In our lecture, we defined a sequence $\left(a_n\right)_{n\in\mathbb N}$ to be divergent if it does not converge, and additionally to be divergent to $\pm \infty$, iff: $$\forall \epsilon \in \mathbb R: \exists N \in \mathbb N: \forall n > N: \pm a_n\ge \pm\epsilon$$
But I do not see how that could imply the negation of the convergence definition: $$ \neg\exists a \in \mathbb R:\forall \epsilon > 0: \exists N \in \mathbb N: \forall n \ge N: \left|a_n-a\right|<\epsilon\\ \Leftrightarrow \forall a \in \mathbb R:\exists \epsilon > 0: \forall N \in \mathbb N: \exists n \ge N: \left|a_n-a\right|>\epsilon $$
$\dots$Mainly because I just do not see how one an switch the last 2 Quantors.
How can one (elegantly) prove this implication?

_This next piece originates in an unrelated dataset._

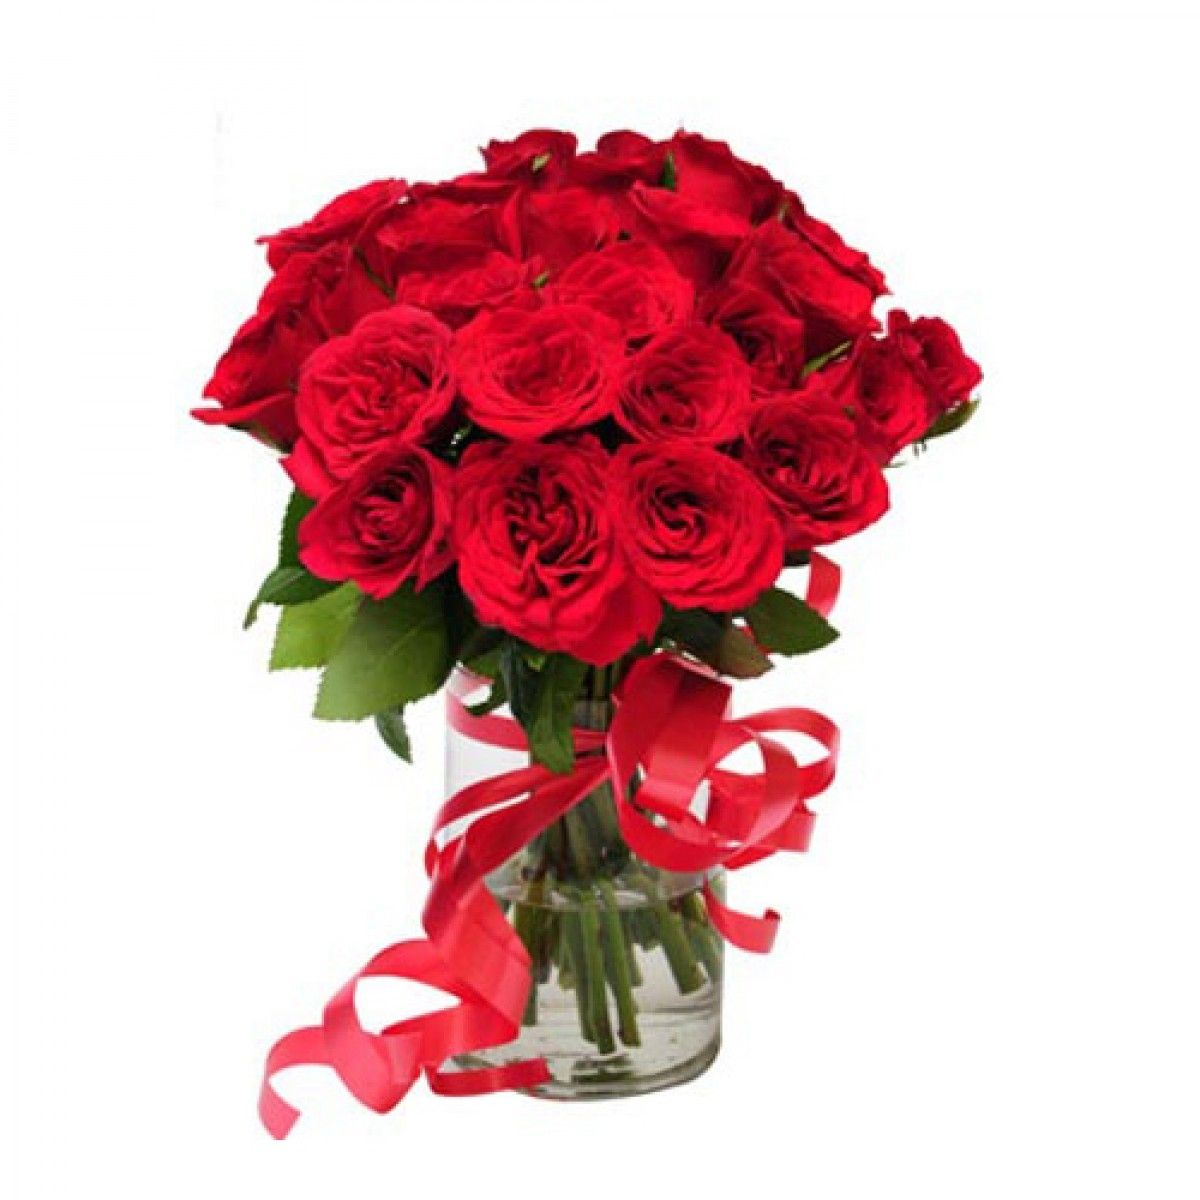 Rose flower vase images vase pinterest flower vases rose and flower izmirmasajfo Choice Image
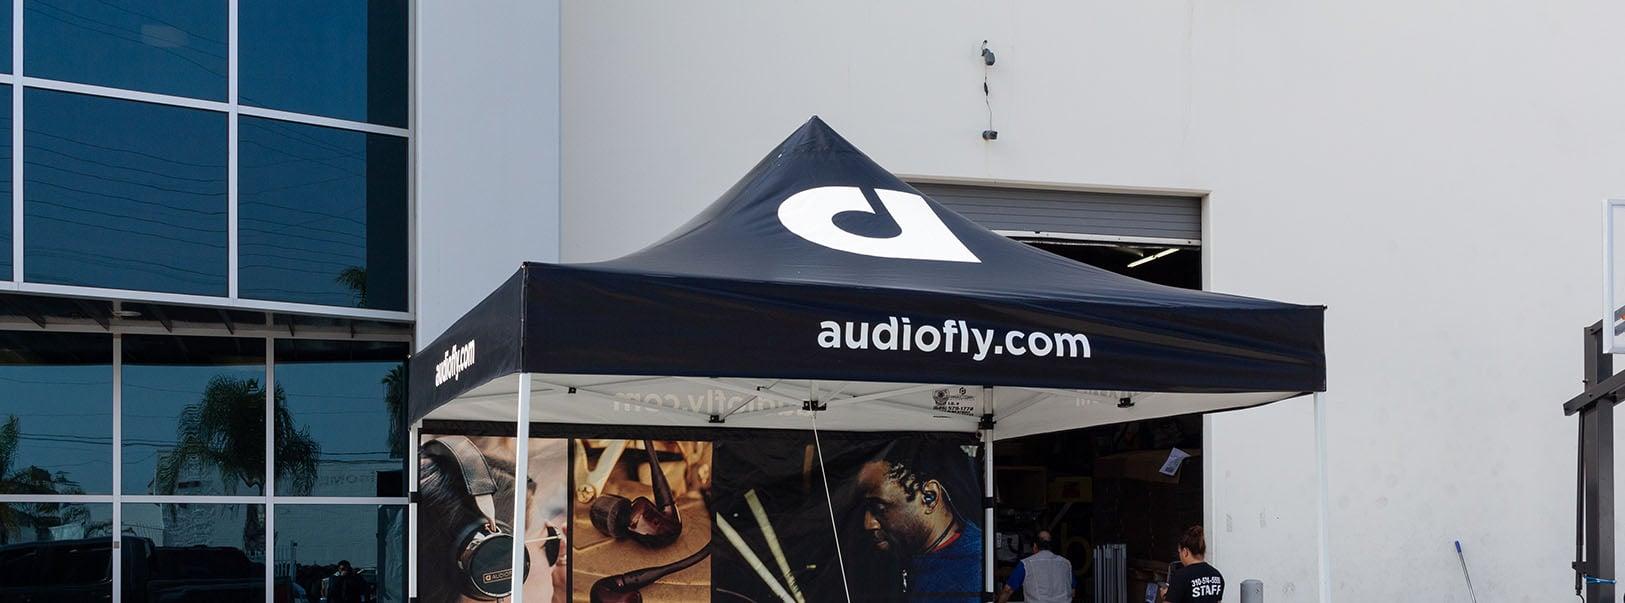 audiofly-header.jpg

Assuming that $$\forall \epsilon \in \mathbb R: \exists N \in \mathbb N: \forall n > N: \pm a_n\ge \pm\epsilon$$ which you will agree implies that $$\forall a \in \mathbb R: \exists N \in \mathbb N: \forall n > N: |a_n|\ge |a|+1\tag{$\ast$}$$ one is asked to show that $$\forall a \in \mathbb R:\exists \epsilon > 0: \forall N \in \mathbb N: \exists n \ge N: \left|a_n-a\right|>\epsilon\tag{$\circ$} $$ Well, I say that, by the triangular inequality, $\left|a_n-a\right|\geqslant|a_n|-|a|$ hence $(\ast)$ implies $$\forall a \in \mathbb R: \forall N \in \mathbb N: \exists n \ge N: \left|a_n-a\right|>1\tag{$\dagger$} $$ hence $(\circ)$ holds for $\epsilon=1$. Surely you can prove that $(\ast)$ implies $(\dagger)$?